→ Exercise details
Would you please transcribe the listing exactly, with no images?

→ Dataset section

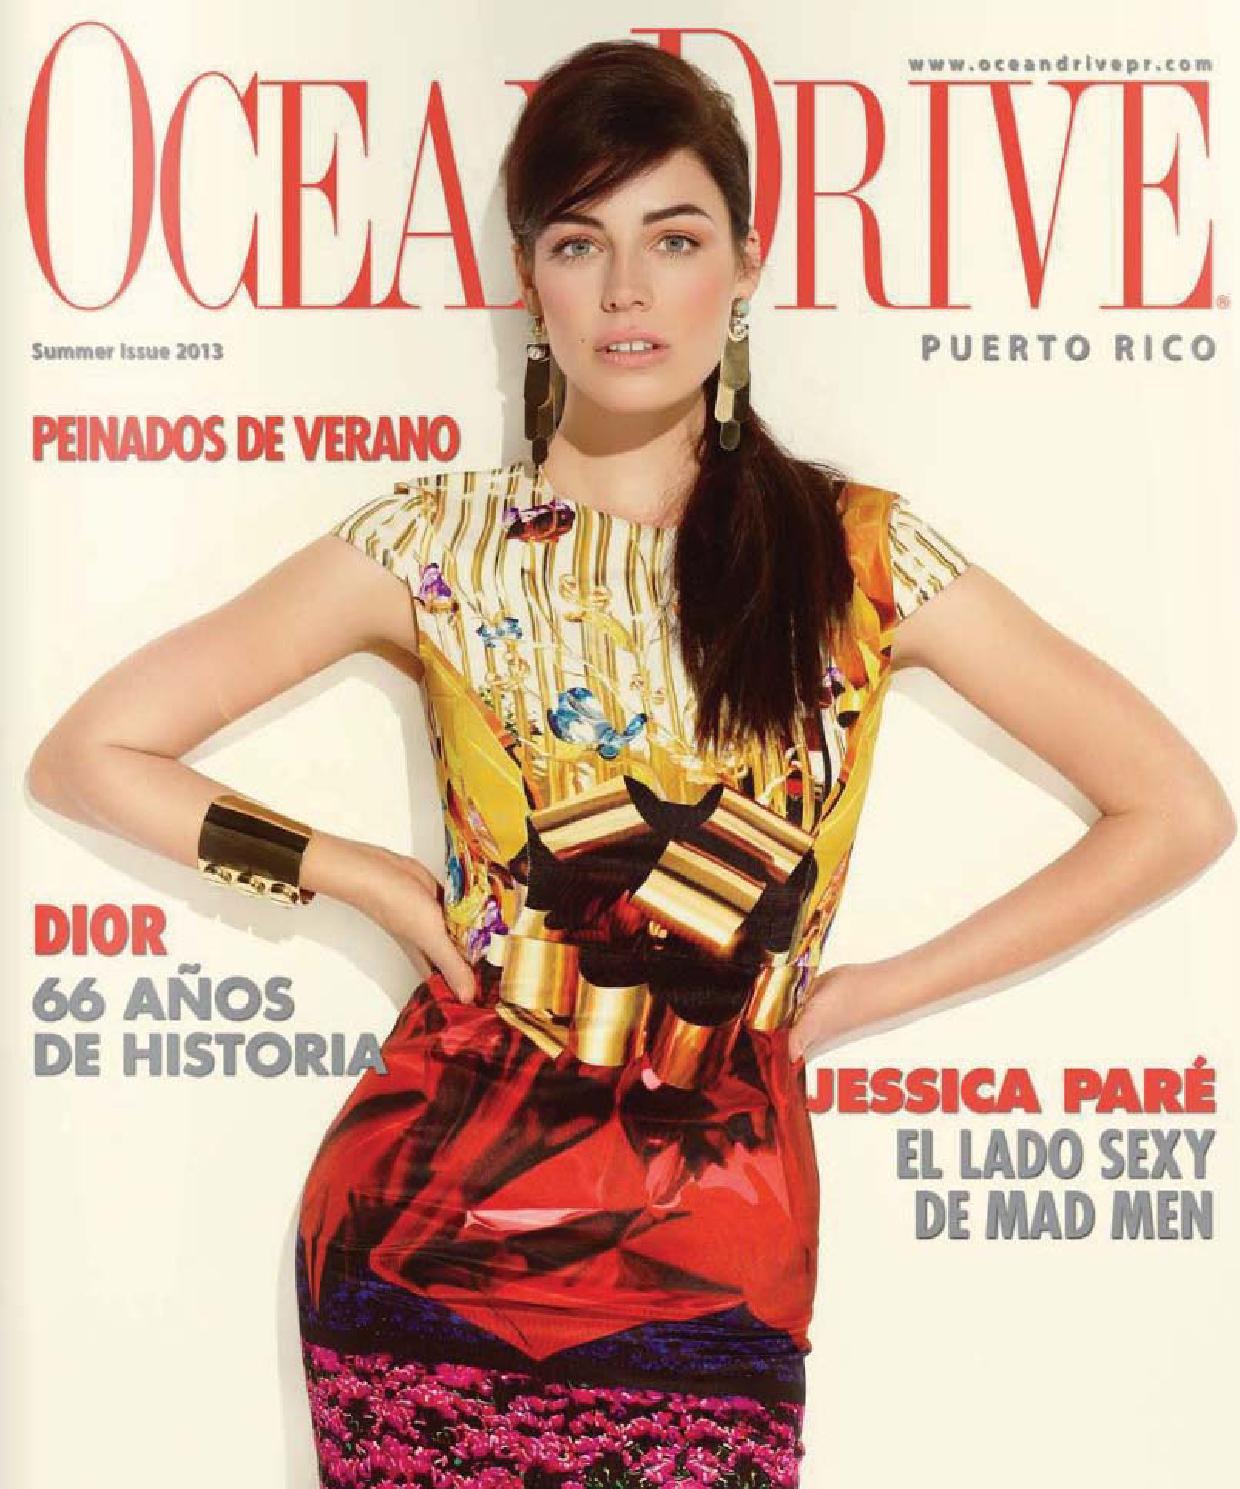 Od Puerto Rico Summer Issue 13 By Carlos Luis Guerra Arabu Issuu Ghirardelli Flats Cecily Brown Cokelat Muda 37
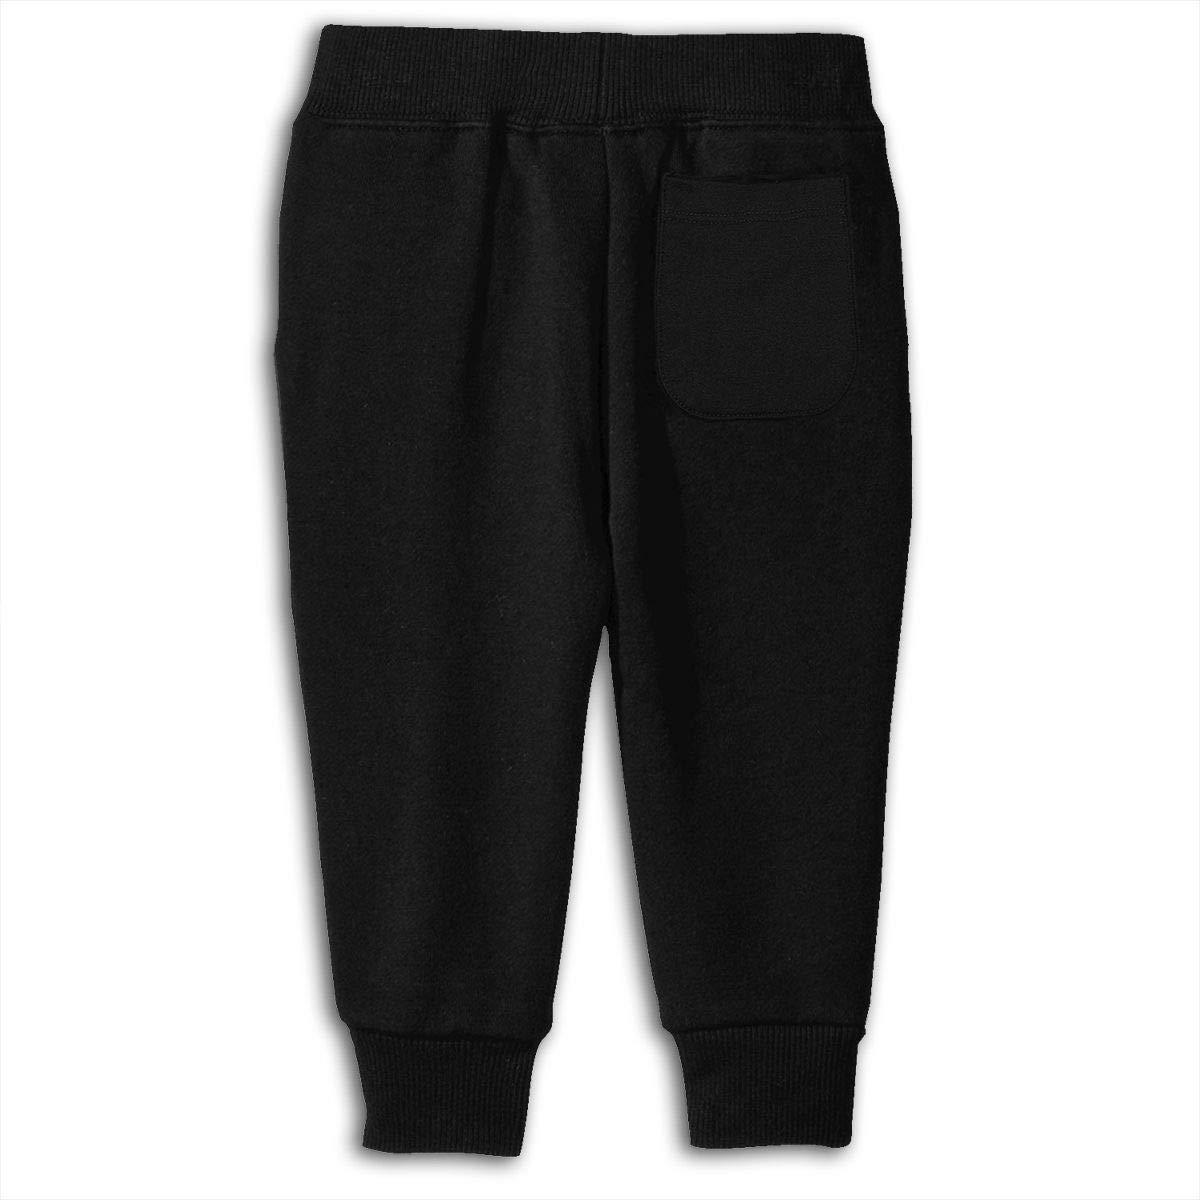 ShineFun Printed Rowing Retro Childrens Boys /& Girls Unisex Cool Sweatpants
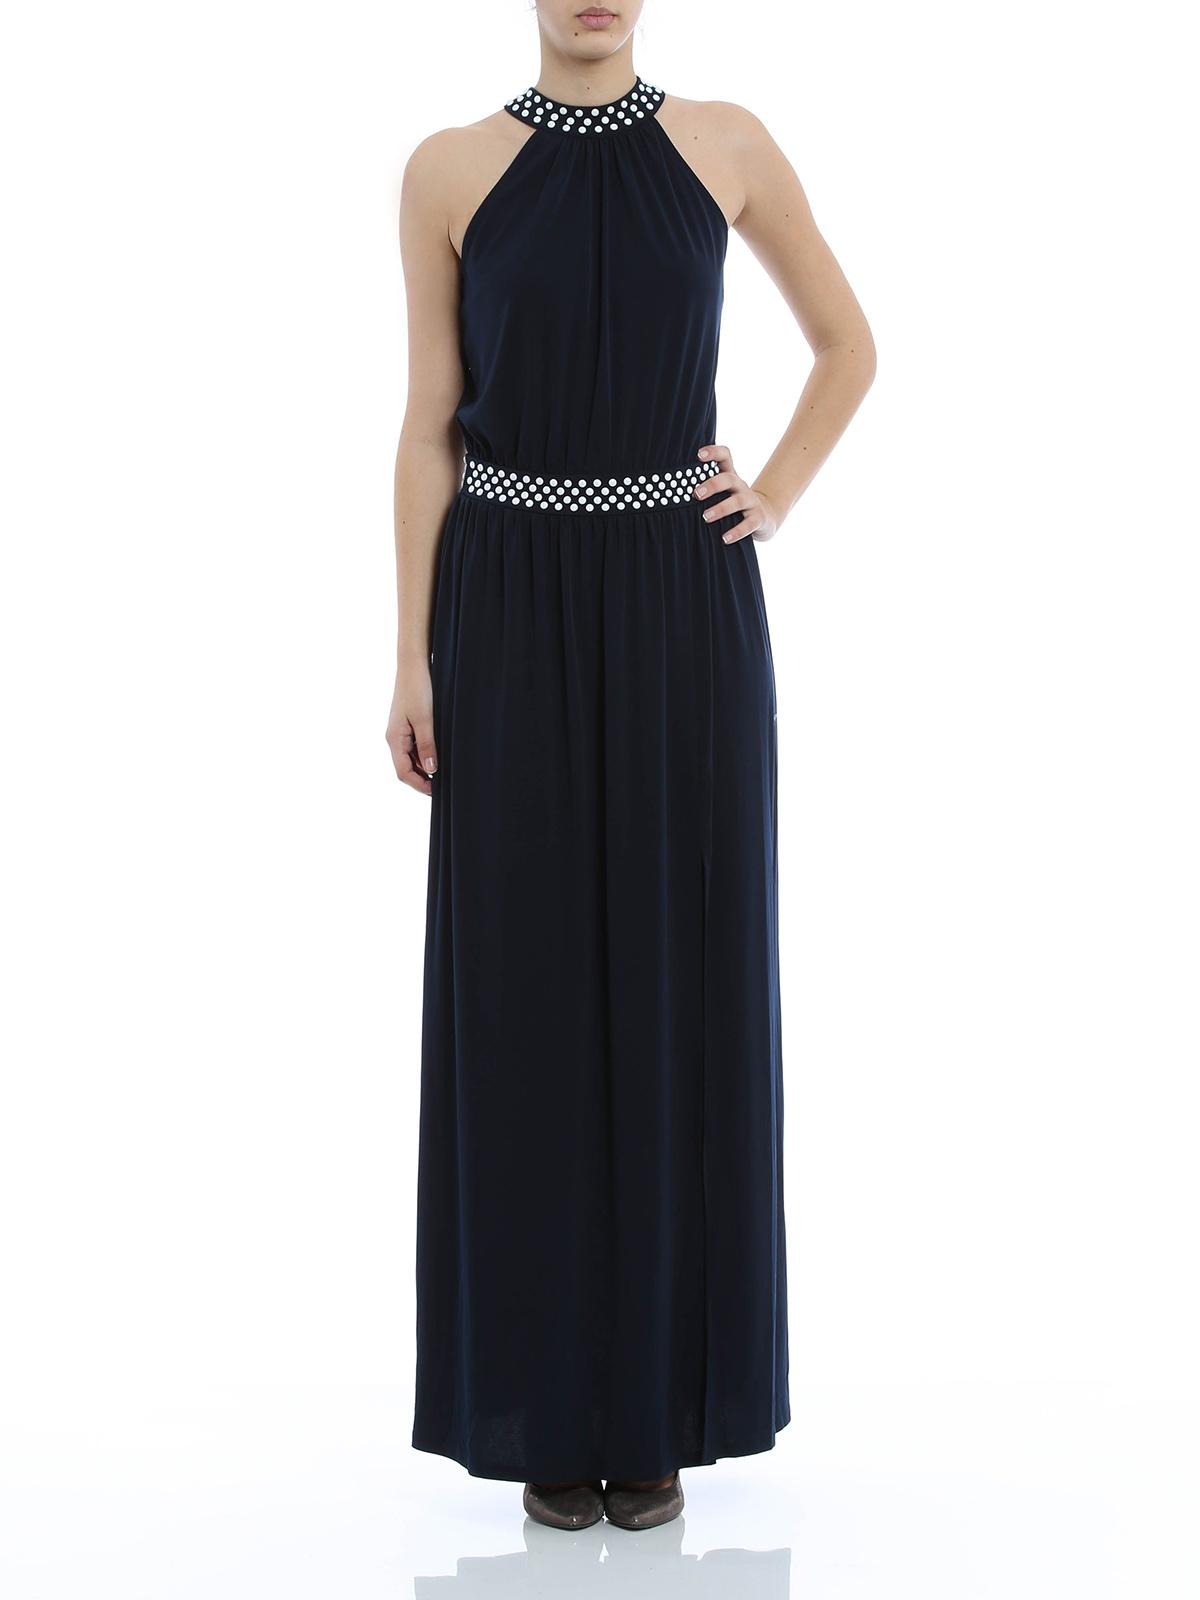 Embellished Maxi Dress By Michael Kors Maxi Dresses Ikrix

→ Written reply
 Od Puerto Rico Summer Issue 13 By Carlos Luis Guerra Arabu Issuu Ghirardelli Flats Cecily Brown Cokelat Muda 37
 ShineFun Printed Rowing Retro Childrens Boys /& Girls Unisex Cool Sweatpants
 Embellished Maxi Dress By Michael Kors Maxi Dresses Ikrix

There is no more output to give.